Police also were interested in the sons’ behavior after the murders.

Friends said Lyle went on a spending spree that included the purchase of a new Porsche, residential property in Princeton, N.J., and, most recently, a Princeton restaurant that specialized in chicken wings.

Erik dropped plans to enter UCLA after the murders and launched a professional tennis career.

Both brothers traveled extensively, often on the exclusive MGM Grand airline, according to sources.

Police said they had been developing a considerable amount of circumstantial evidence but that only recently did they find “the glue” that enabled them to move against the brothers. “The things that came from the psychologist are quite helpful,” said Olson. “But it (the case) was there without it.”

Conversations between a patient and a psychologist are considered confidential except in some unusual circumstances.

One is in the case of a person who tells his therapist he intends to physically harm someone. Then the therapist has a duty to report it. Another exception is when a person tries to enlist the therapist to help him elude prosecution.

Sources declined to say under which exception authorities are hoping to use the tape recordings.

Some investigators have said greed could be a motive. They pointed out that the two sons were the sole heirs to the $14-million Menendez estate. But others who saw the gruesome pictures of the victims said rage must also have been involved.

Lyle had been under surveillance in recent days. In the last week, as police moved closer to an arrest, they traveled to Princeton and visited one of Lyle’s recent acquisitions--a restaurant called Chuck’s Spring Street Cafe.

The Menendez family lived in the Princeton area until 1986, when they moved to California. Both brothers attended prep school there and Lyle went to Princeton University before he dropped out in 1988, reportedly because of a plagiarism scandal.

“They (detectives) were very nice. They made a comment that the (chicken) wings could be hotter,” said Gus Tangalos, the restaurant manager. “They introduced themselves as friends of Lyle Menendez. They were looking for him.”

A friend of Lyle, David Pae Bros, said the detectives “questioned all of Lyle’s friends on campus. The friends have been shaken up.”

After the detectives left, Bros said, Lyle complained that the police were harassing him.

“He did not want to speak with the police at all,” Bros said.

Bros added that Lyle had been questioned several times by police and it was bothering him.

“They (police) constantly followed him around,” he said.
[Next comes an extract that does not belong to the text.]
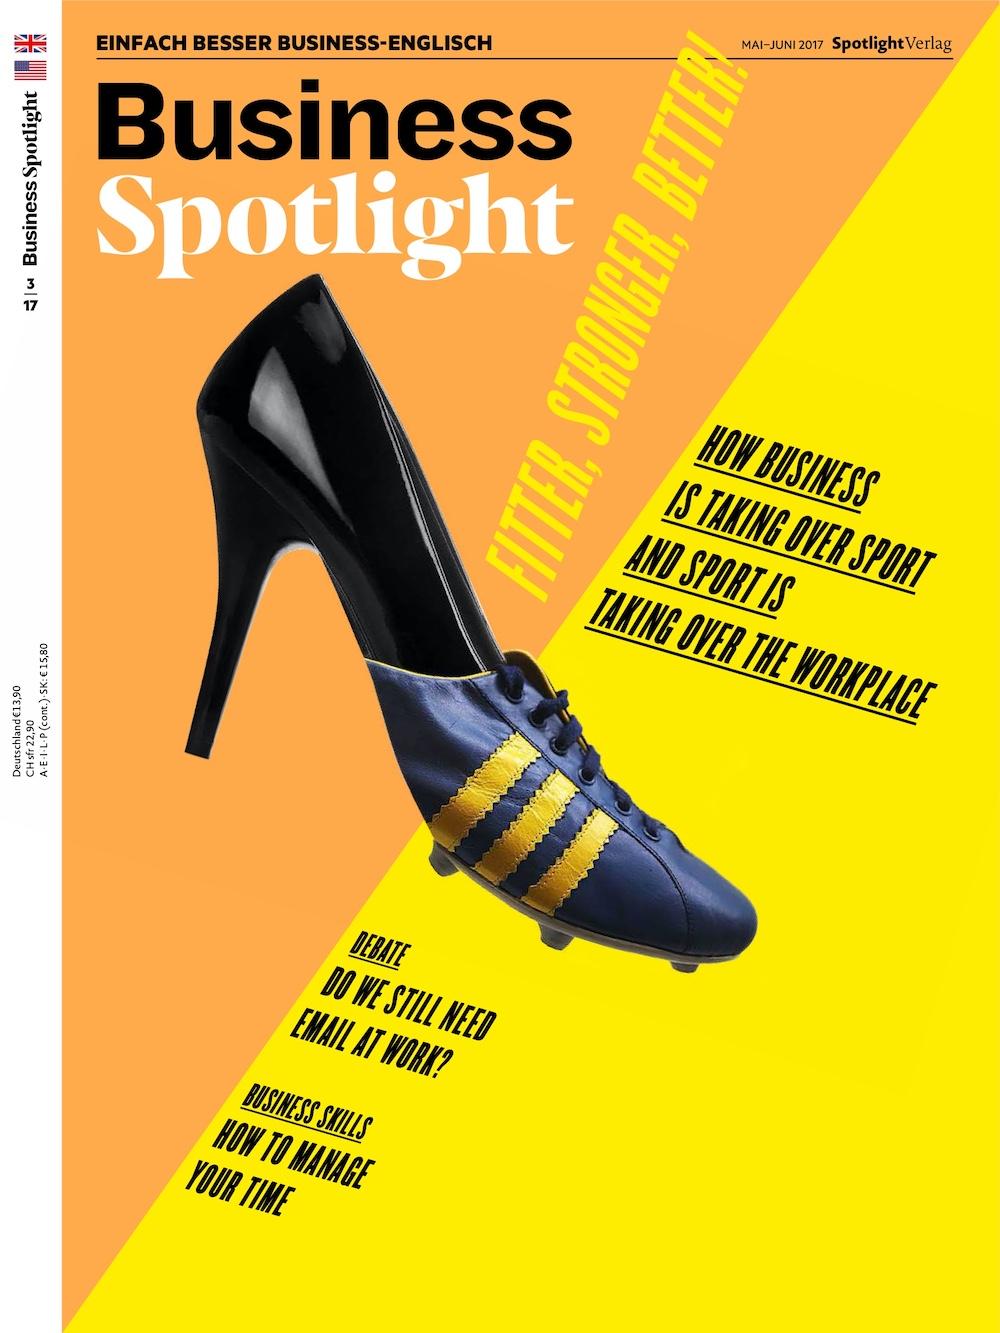 Business Spotlight 2017-05-06

Bros said Lyle had a girlfriend in Princeton who was “in shock” over the arrest.

He also said Lyle went back to California recently to set up a corporation, Menendez Investment Enterprises, which was designed to be a shell for real estate ventures.

News of the arrest Thursday was big news in the affluent university town. It was the main story of the Daily Princetonian, the undergraduate newspaper, and the restaurant owned by Lyle was filled for lunch.

Times staff writer John Goldman in Princeton, N.J., contributed to this story.



Mary Louise (Kitty) Menendez was 47 when she died, not 44.